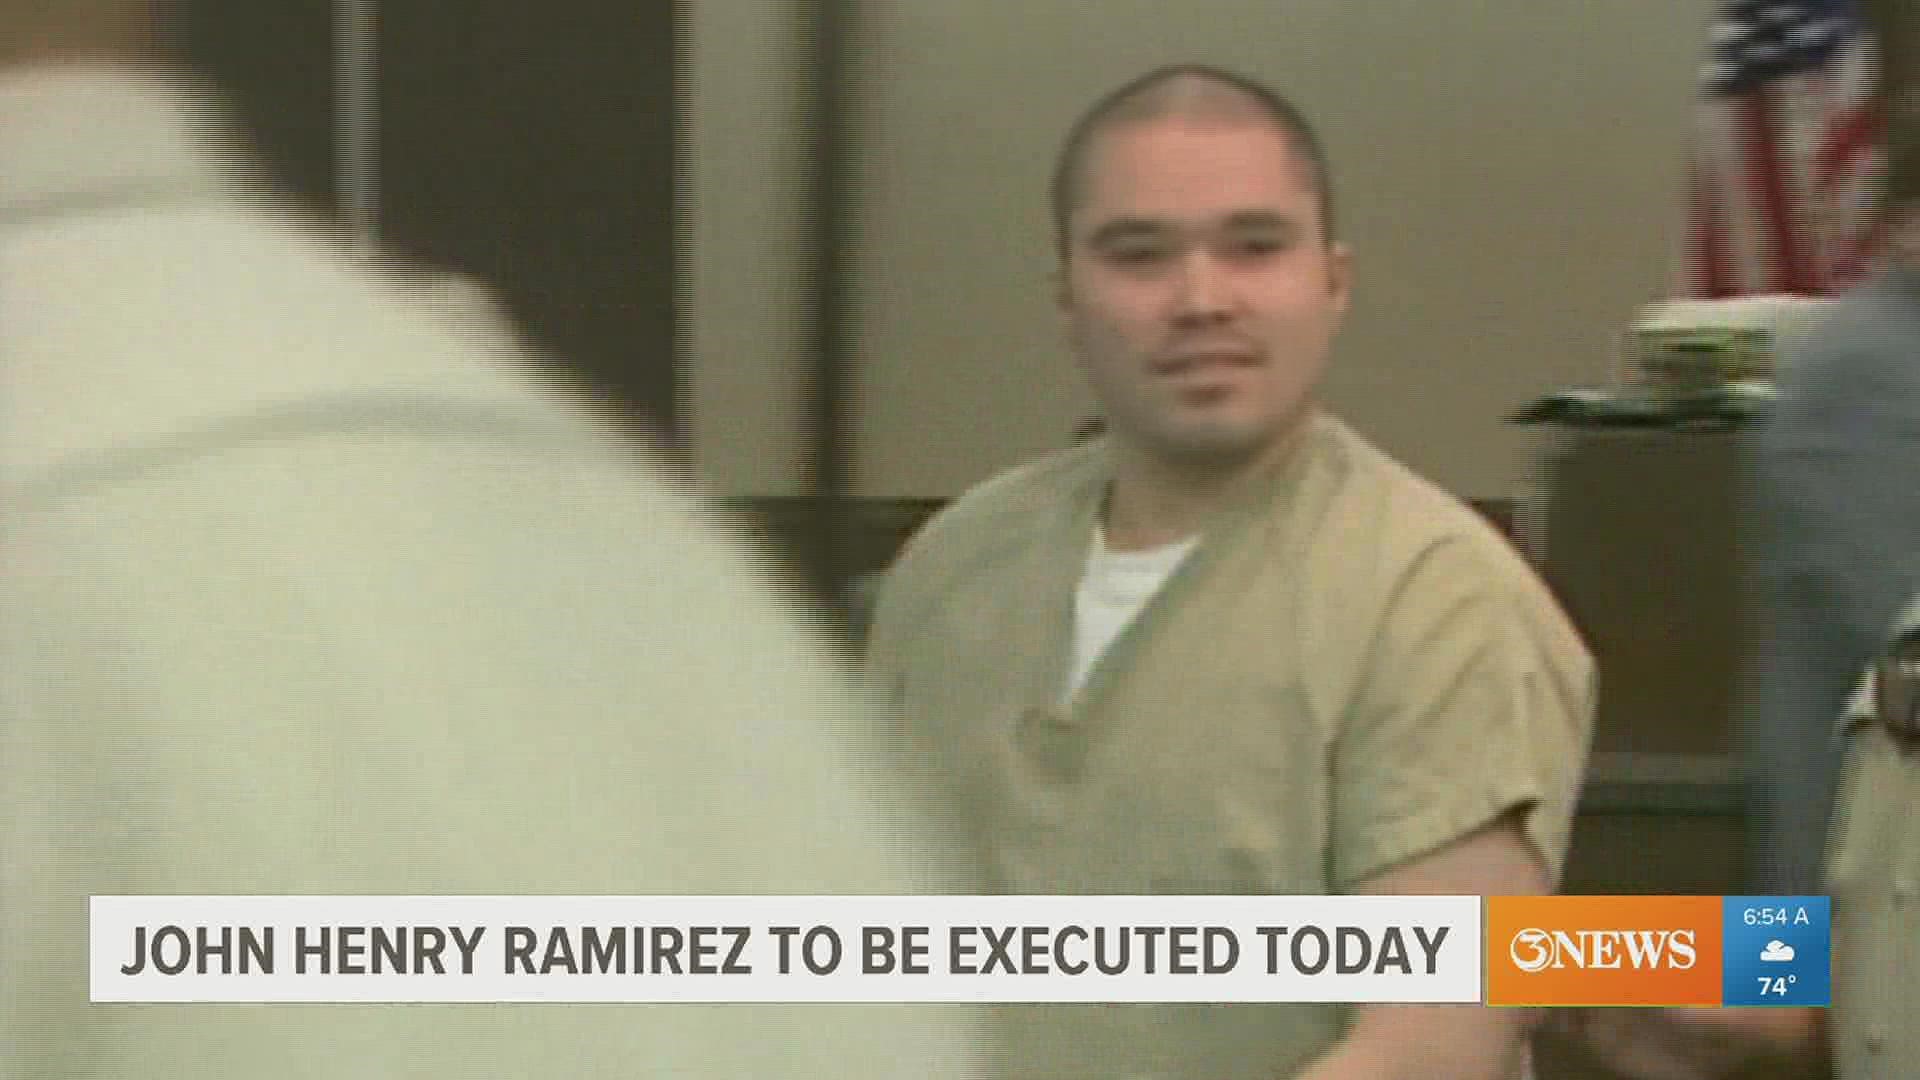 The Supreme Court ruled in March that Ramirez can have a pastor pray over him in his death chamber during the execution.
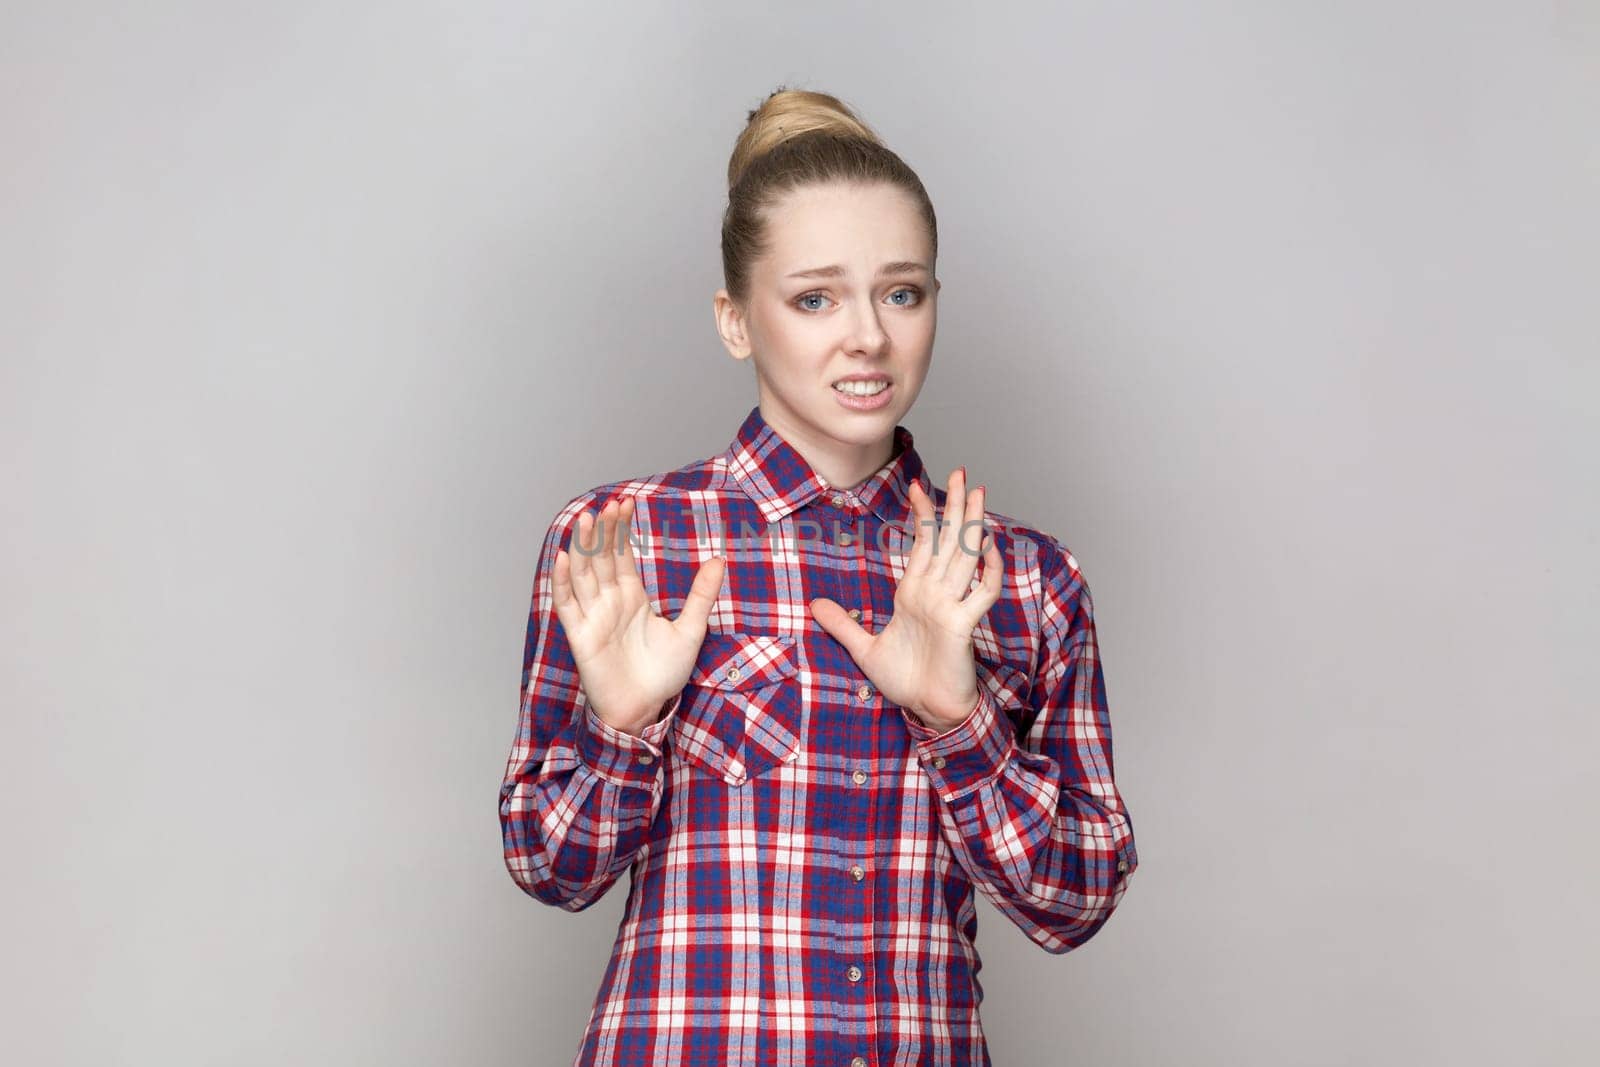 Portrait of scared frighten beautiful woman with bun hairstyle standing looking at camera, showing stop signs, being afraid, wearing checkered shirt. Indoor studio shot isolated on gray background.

---

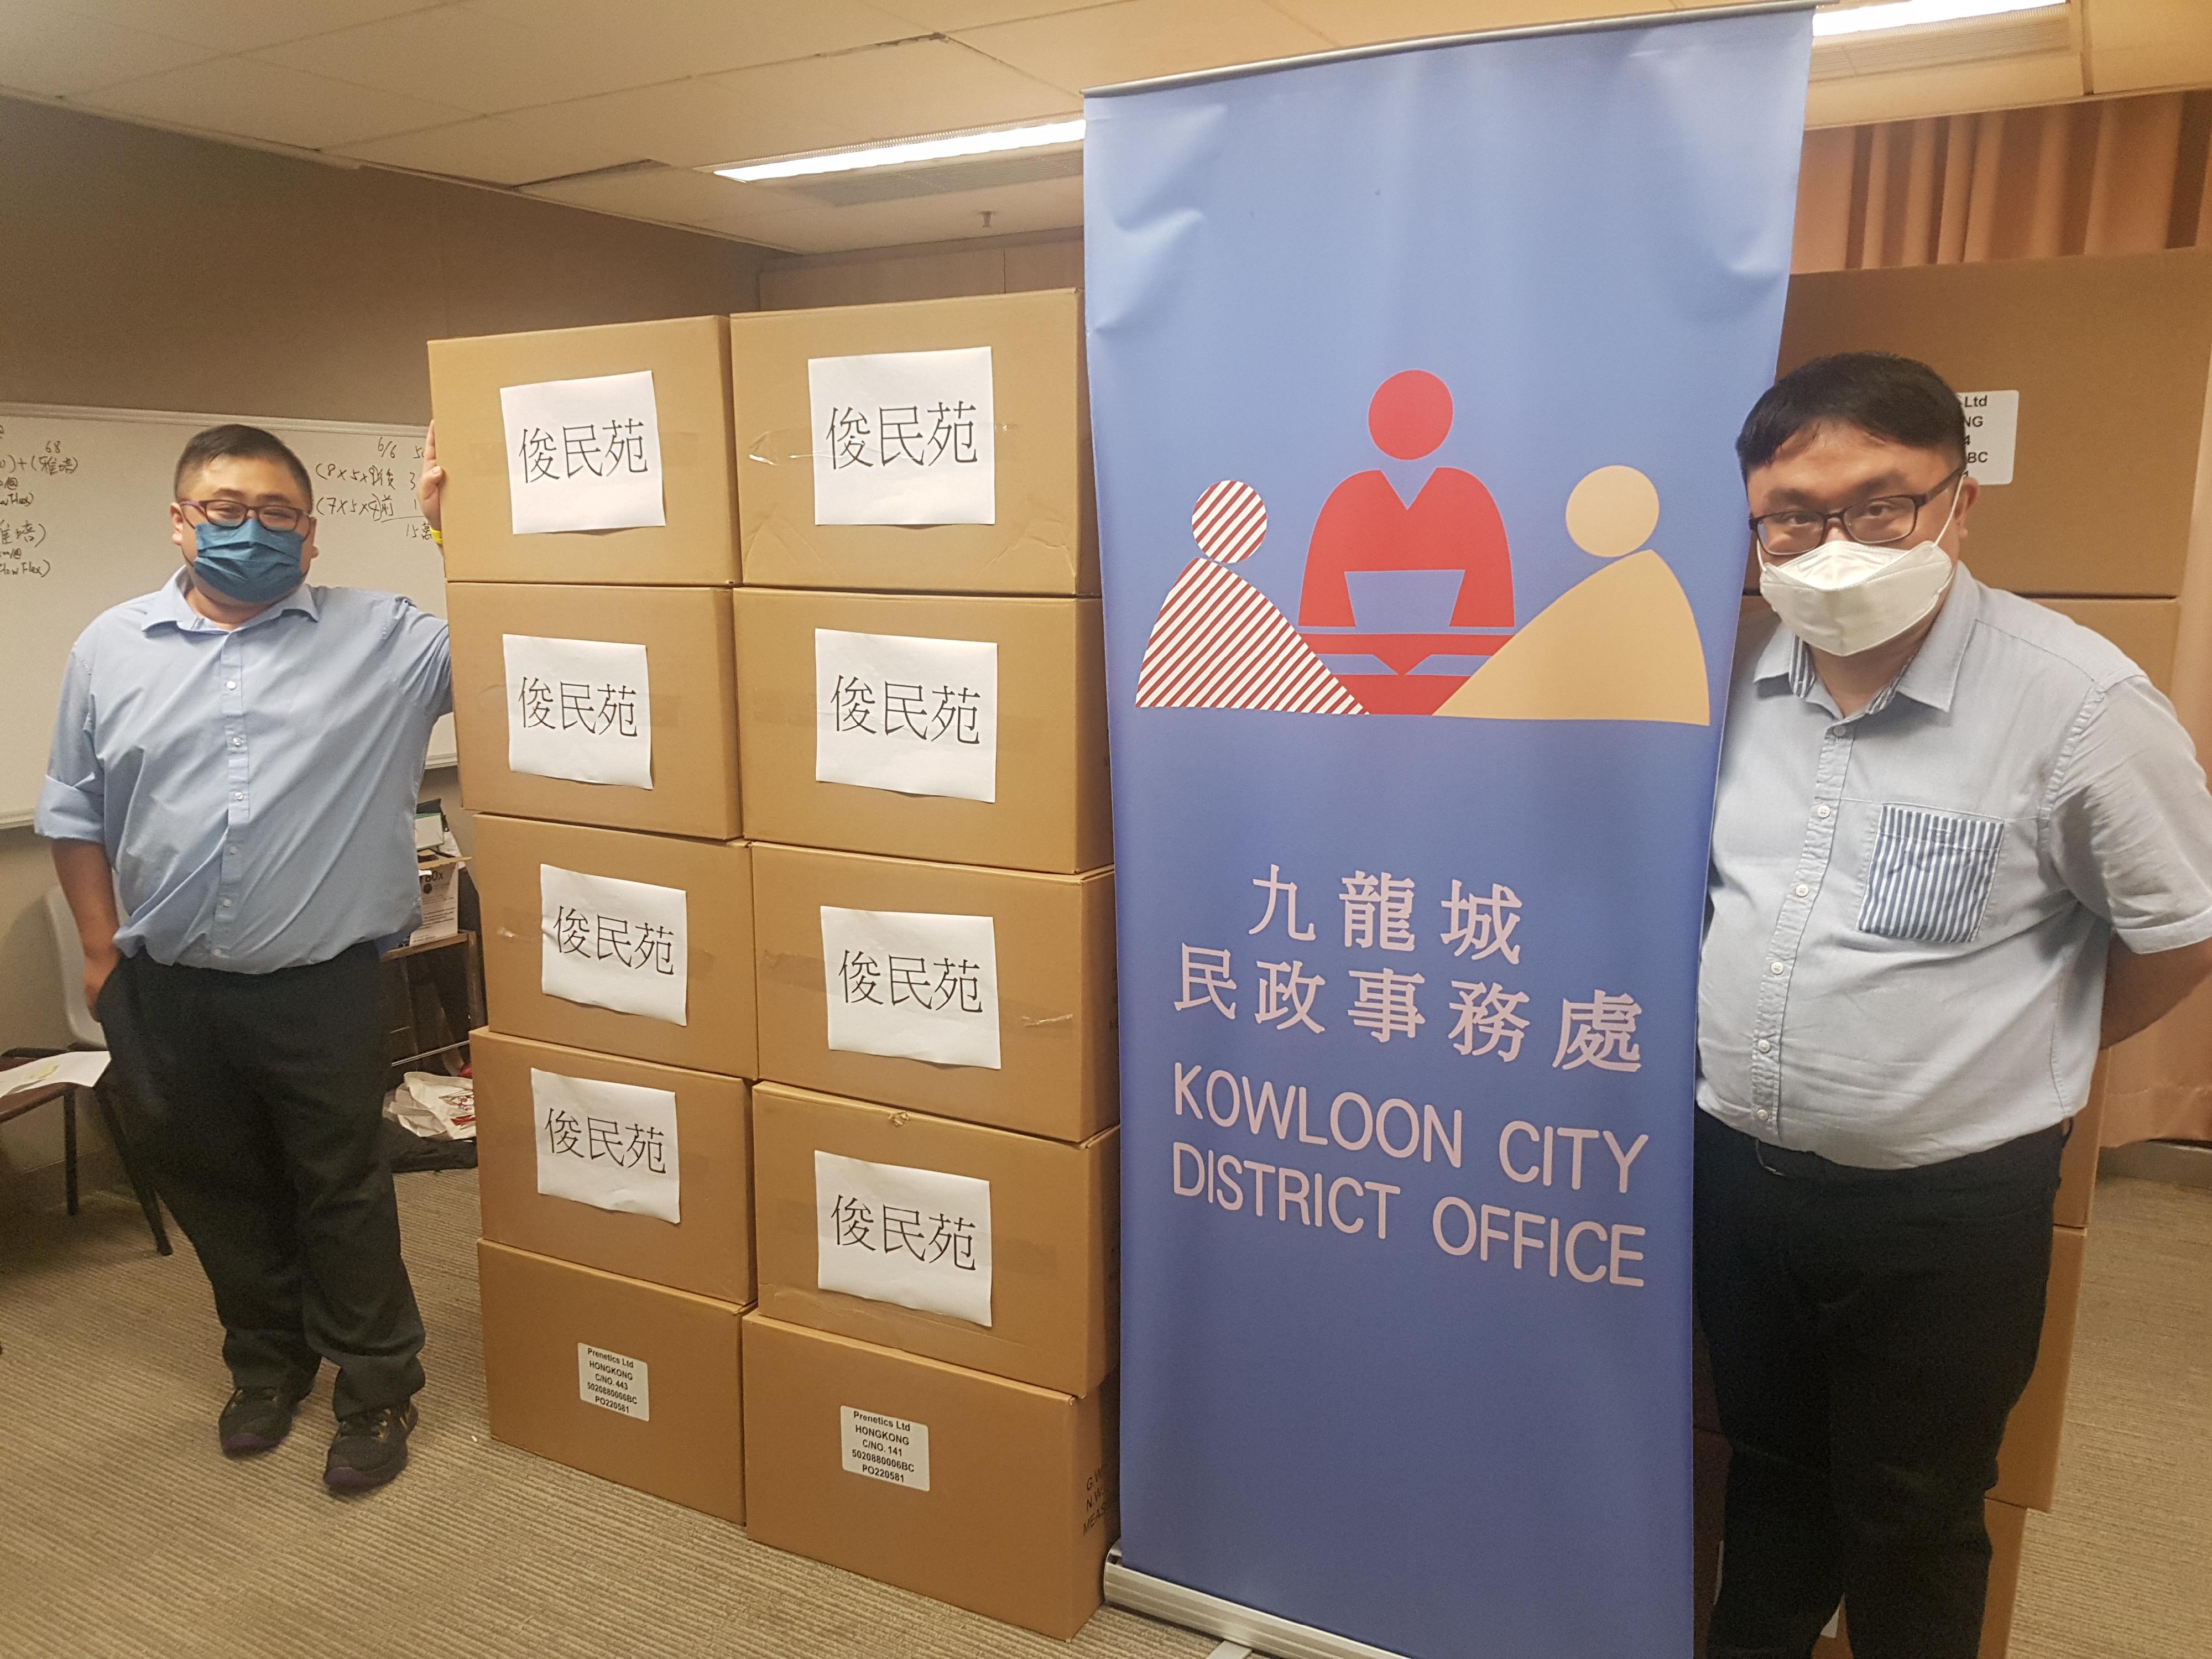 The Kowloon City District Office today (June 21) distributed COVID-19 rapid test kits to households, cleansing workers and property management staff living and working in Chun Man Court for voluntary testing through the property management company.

▶ _Exercise_
Transcribe the lines above exactly, beginning at the one with "The Supreme Court" and ending at the one with "Portrait of scared". Include both; exclude the pictures.

▶ _Solution for this task_
 The Supreme Court ruled in March that Ramirez can have a pastor pray over him in his death chamber during the execution.
 Portrait of scared frighten beautiful woman with bun hairstyle standing looking at camera, showing stop signs, being afraid, wearing checkered shirt. Indoor studio shot isolated on gray background.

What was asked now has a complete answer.